● **What you should do**
Leave the images aside and repeat the whole listing exactly.

● **Dataset content**
::::::
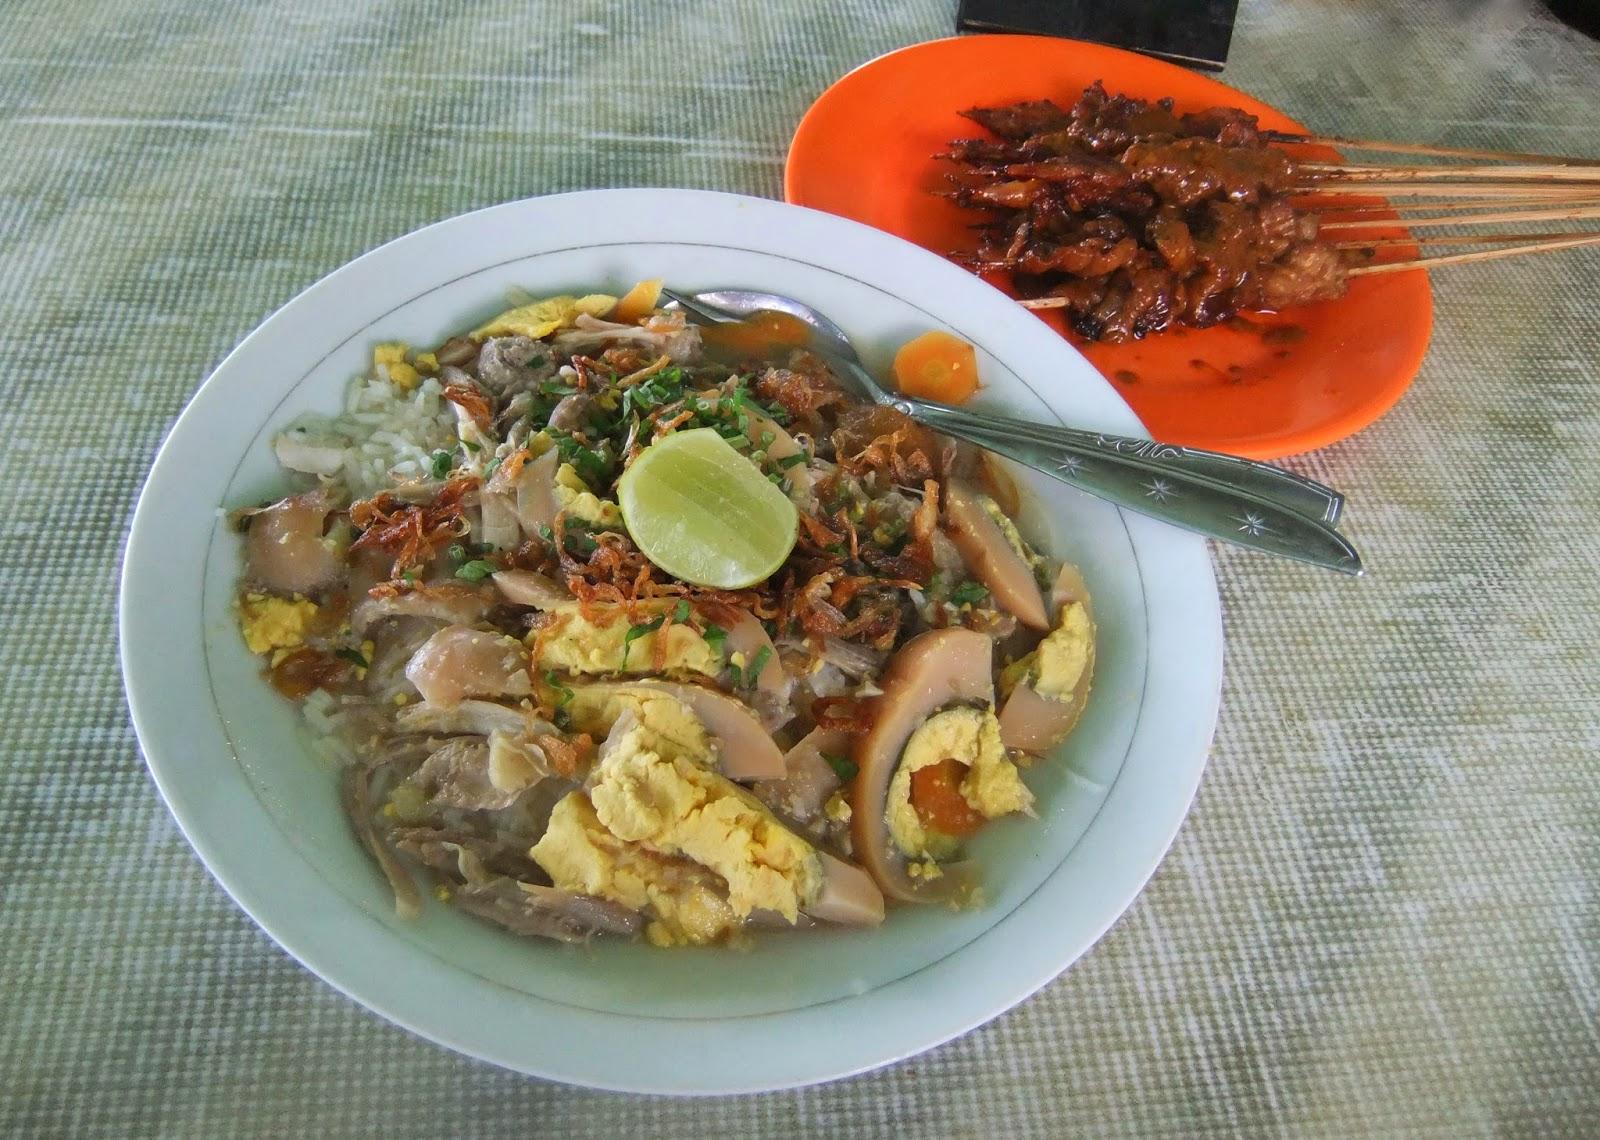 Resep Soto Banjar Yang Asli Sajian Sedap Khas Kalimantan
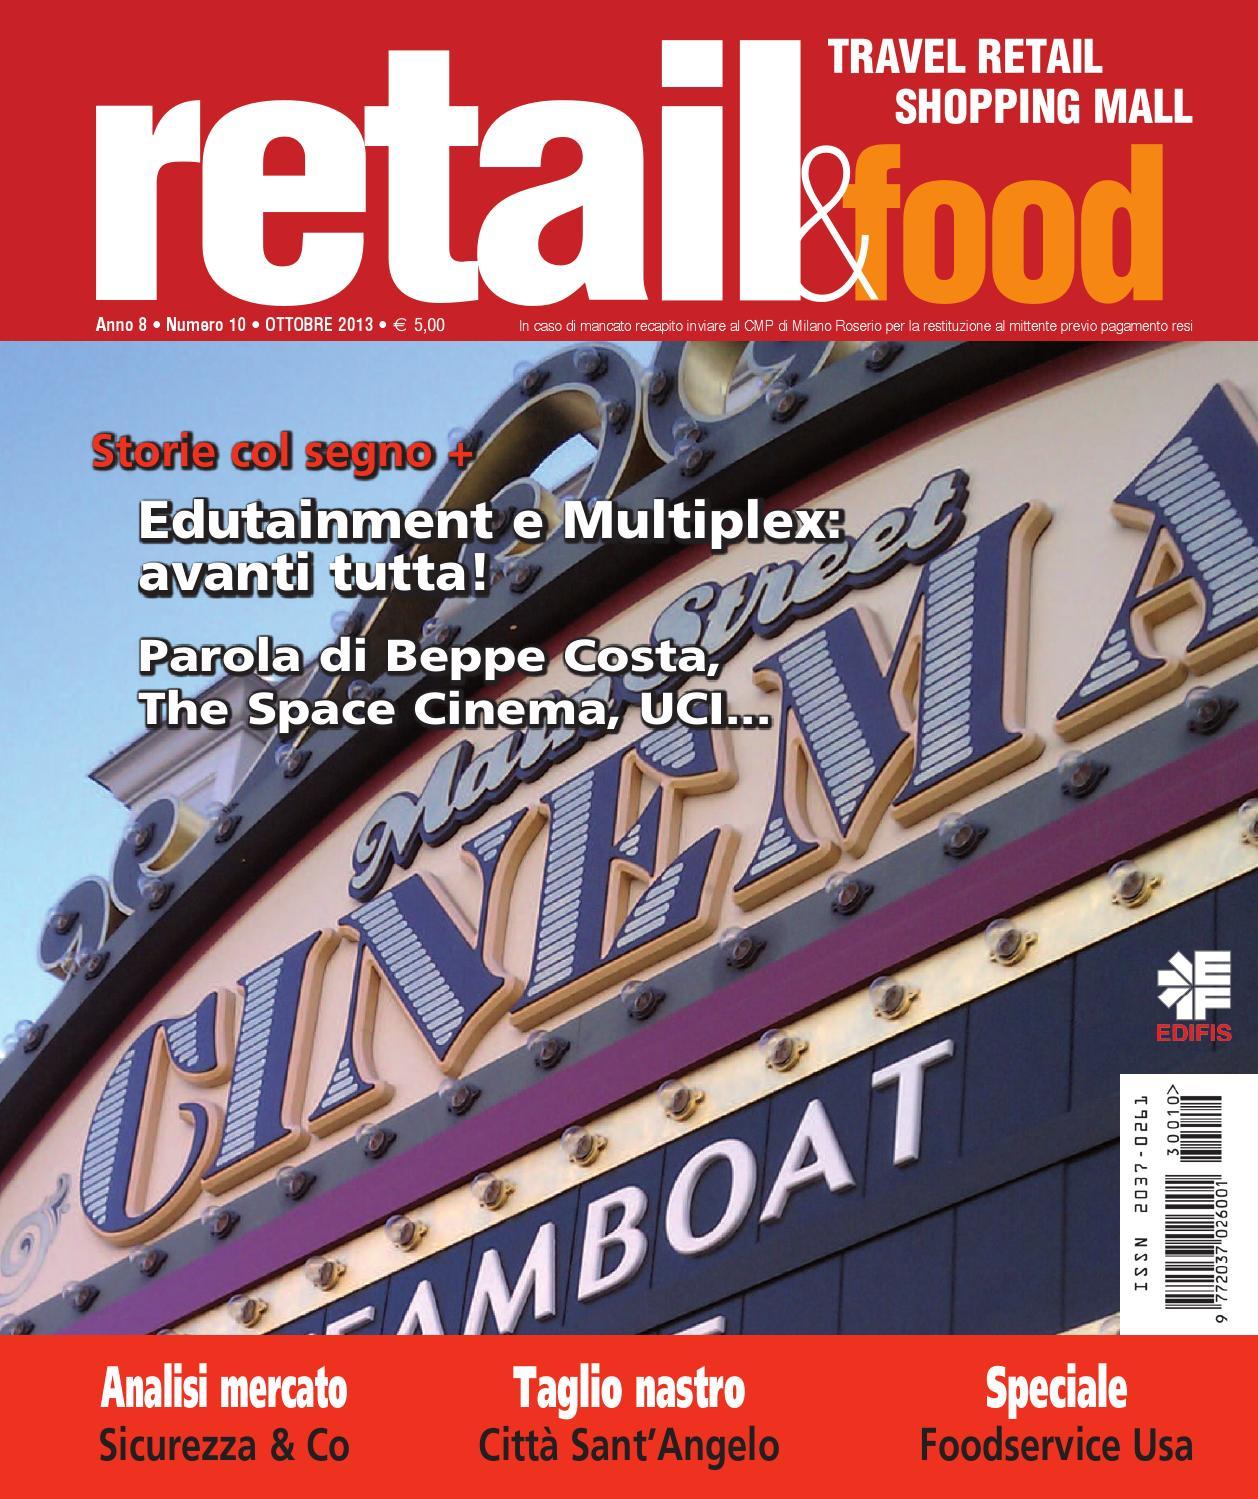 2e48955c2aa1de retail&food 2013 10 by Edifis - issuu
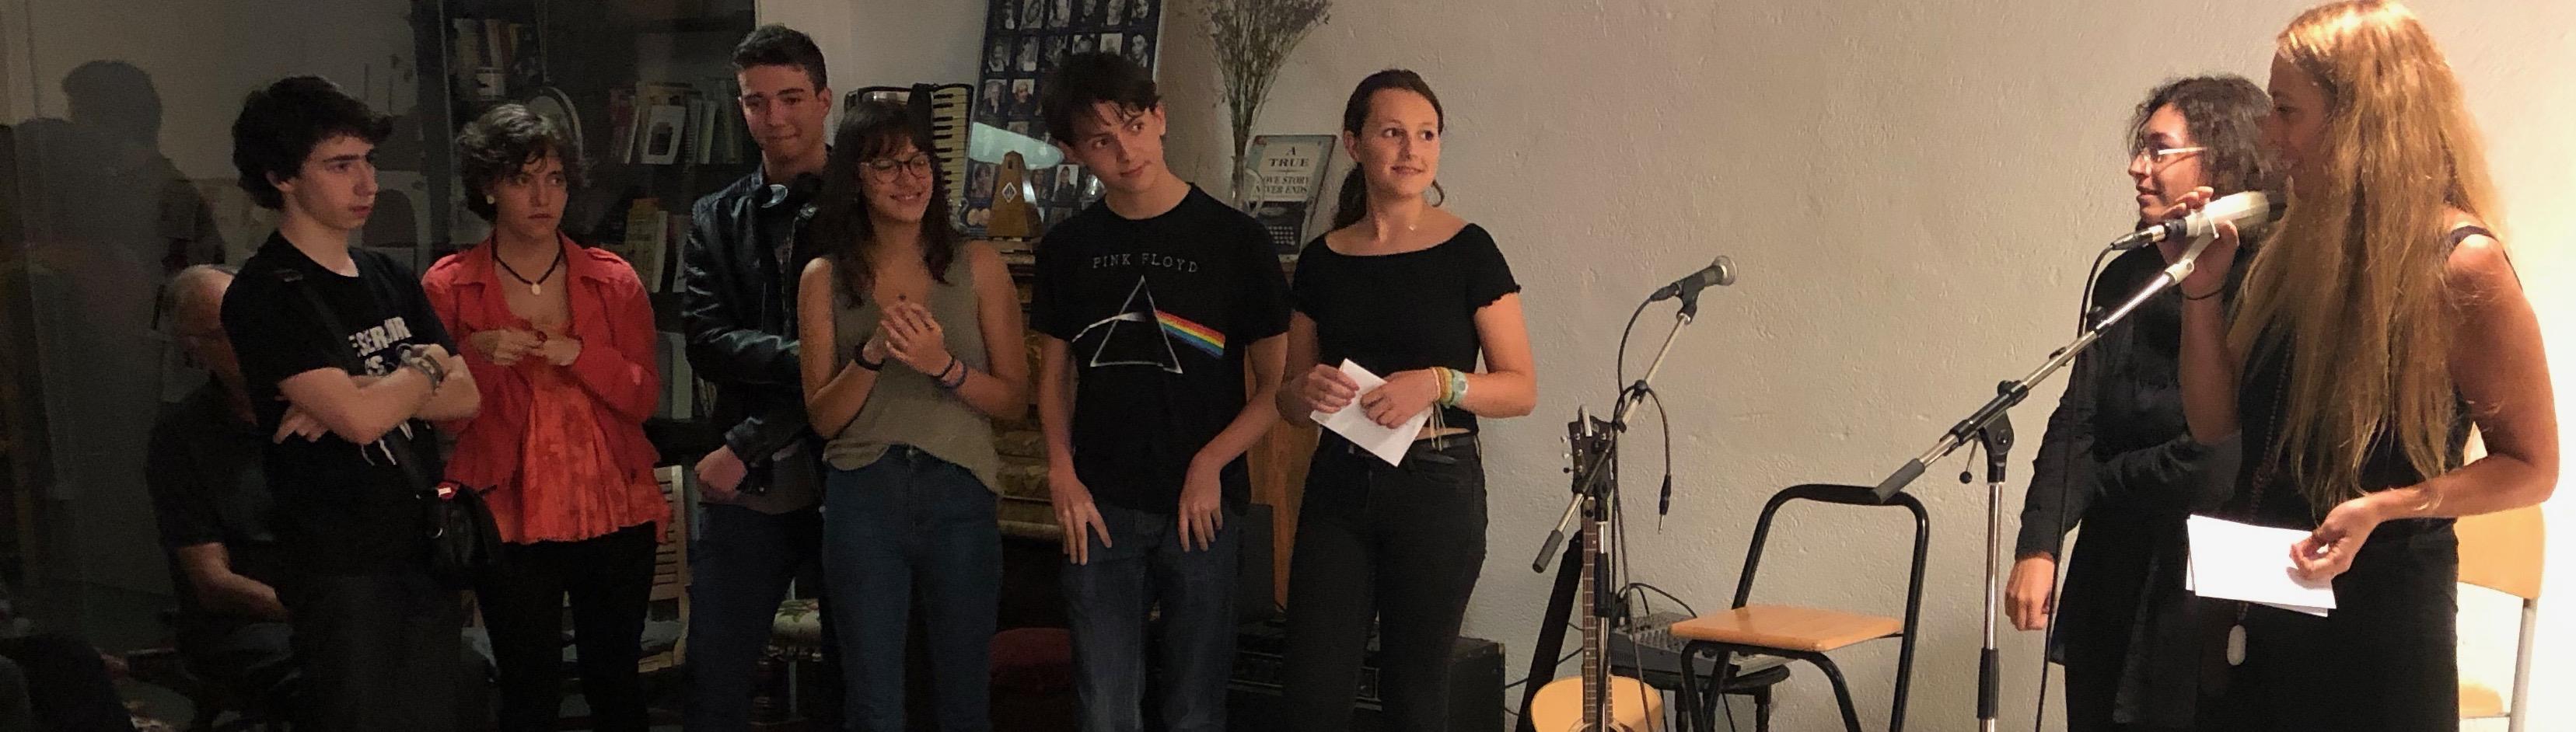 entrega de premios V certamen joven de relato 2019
::::::
● **Task output**
 Resep Soto Banjar Yang Asli Sajian Sedap Khas Kalimantan
 2e48955c2aa1de retail&food 2013 10 by Edifis - issuu
 entrega de premios V certamen joven de relato 2019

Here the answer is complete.